The biggest limitation of the cascading pattern — and of any multi-tool AI stack — is that there’s no shared memory between tools.

  • Claude Code doesn’t know what OpenClaw found overnight
  • OpenClaw doesn’t know what you built in Cursor during the day
  • Cursor doesn’t know which models Claude Code just refactored
  • Each tool starts every session with its own context

What holds things together today is shared project files: CLAUDE.md for conventions, dbt_project.yml for configuration, Git for code state, Slack for communication. Every tool can independently read the same files and follow the same conventions. It’s not a unified memory layer, but it provides enough coordination for practical work.

The gap becomes most painful when context is time-sensitive. Overnight monitoring results are stale by the time you start a Claude Code session in the morning. A model you refactored in Cursor at 3 PM isn’t reflected in OpenClaw’s test run at 7 AM if you didn’t push the changes. Git helps, but only if everyone (including the agents) commits and pulls at the right times.

A Unified Skill System

A related gap: each tool in a layered stack has its own format for reusable workflows.

  • Claude Code uses Skills stored as Markdown files in .claude/commands/
  • OpenClaw uses Skills published on ClawHub
  • Cursor uses rules stored in .cursorrules

There’s no standard. A skill written for Claude Code can’t be used by OpenClaw or Cursor. A ClawHub skill can’t be invoked by Claude Code. If you want the same “analyze failing tests and suggest fixes” workflow across tools, you write it three times in three formats.

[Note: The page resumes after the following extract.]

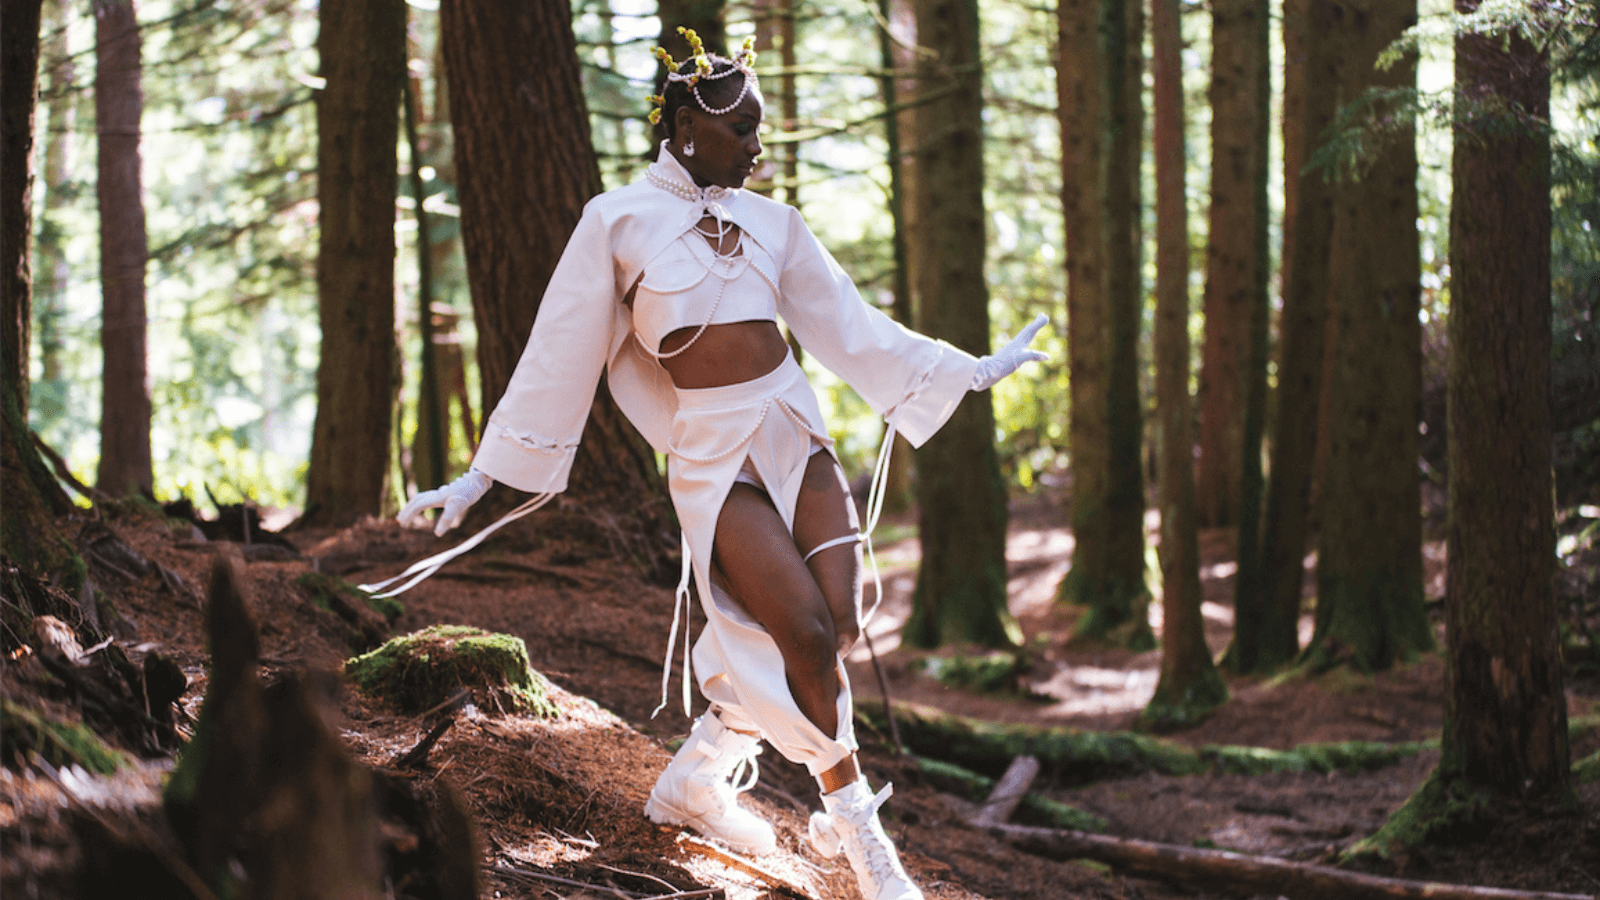 A still from OMOS. Credit: Washington Gwande. Dancer Divine Tasinda stands in a wooded area, wearing a light pink outfit with pearls on it.

A unified skill format — or at least a translation layer between formats — would make the cascading agent pattern more powerful. The monitoring agent could invoke the same skills the coding agent uses, ensuring consistency in how issues are analyzed and resolved. This doesn’t exist today and isn’t likely to emerge soon, given that each tool vendor has incentives to maintain their own ecosystem.

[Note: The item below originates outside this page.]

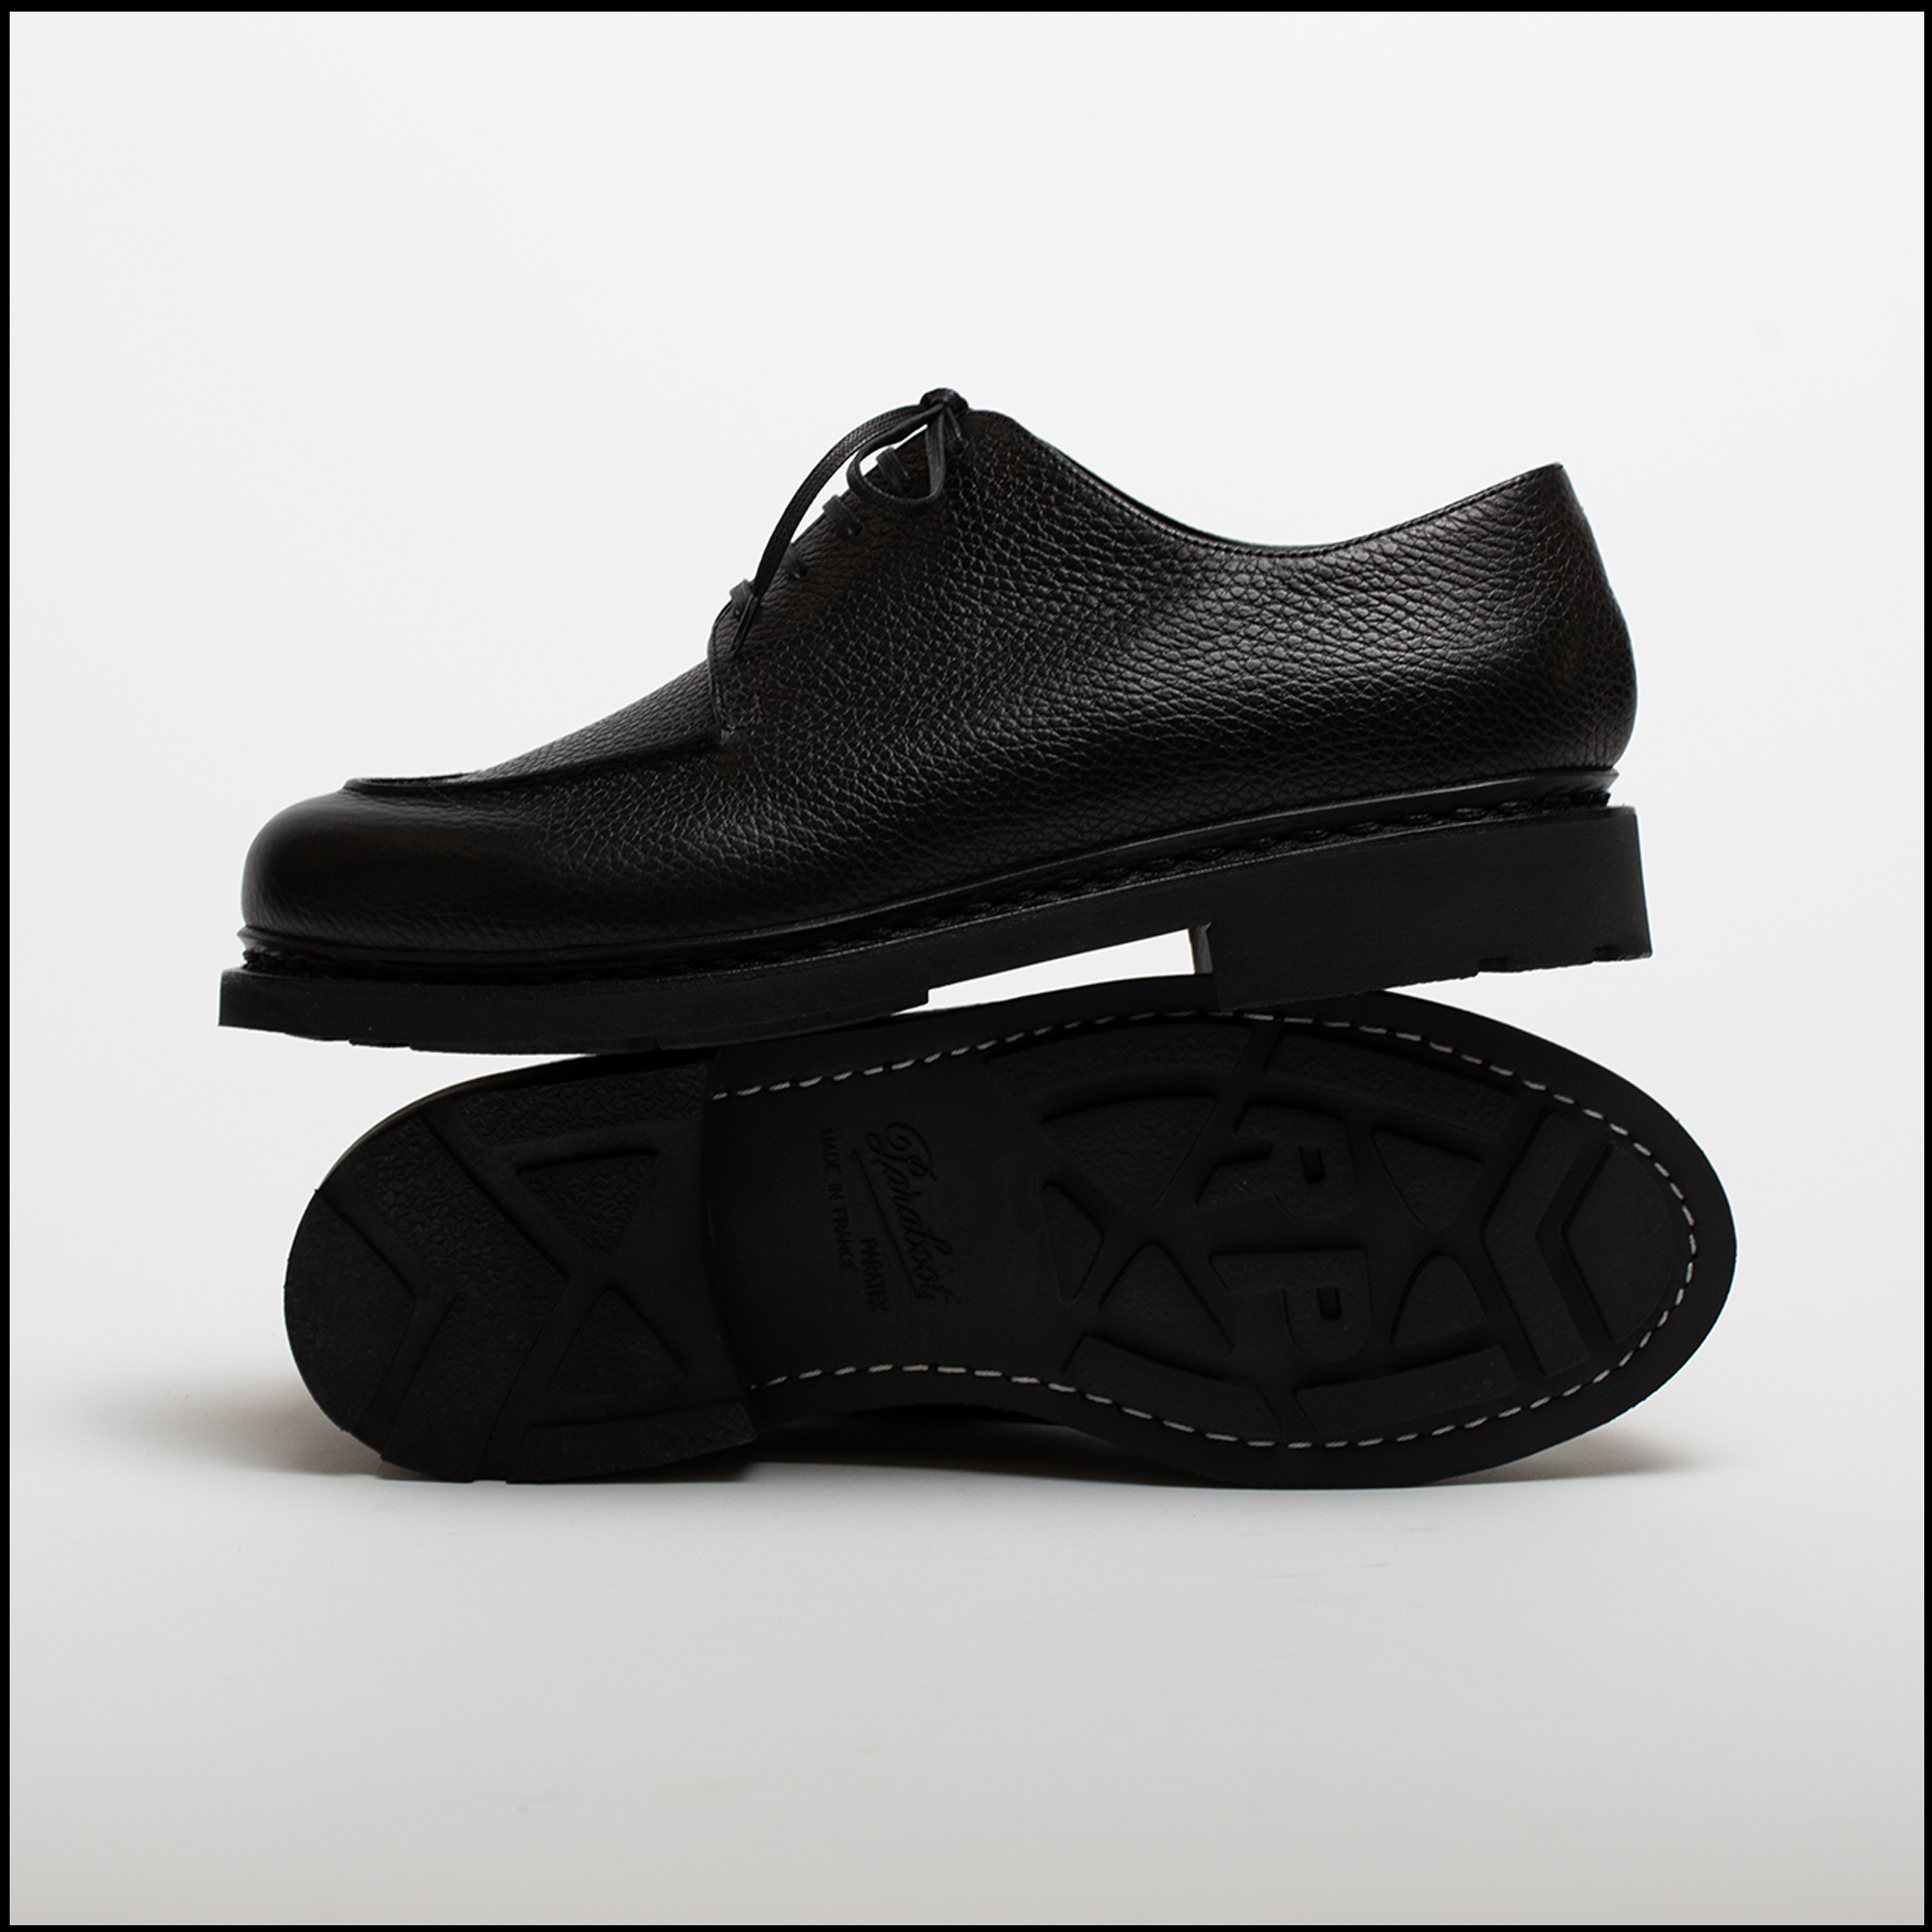 MIRAGE shoes in Black color by Paraboot for Arpenteur

Getting Started with the Pattern

With OpenClaw for monitoring and Claude Code for development:

  1. Configure OpenClaw to write test results to .claude/overnight-findings.md after each scheduled run
  2. Add a line to CLAUDE.md telling Claude Code to read that file at session start
  3. Each morning, start a Claude Code session and check overnight findings

The manual trigger (starting the session and giving the instruction) is intentional. Full automation — OpenClaw triggering Claude Code without human involvement — should follow only after validating that triage logic is reliable and the coding agent produces appropriate fixes. The trust gradient applies: start with a human in the loop and escalate after building confidence in the system.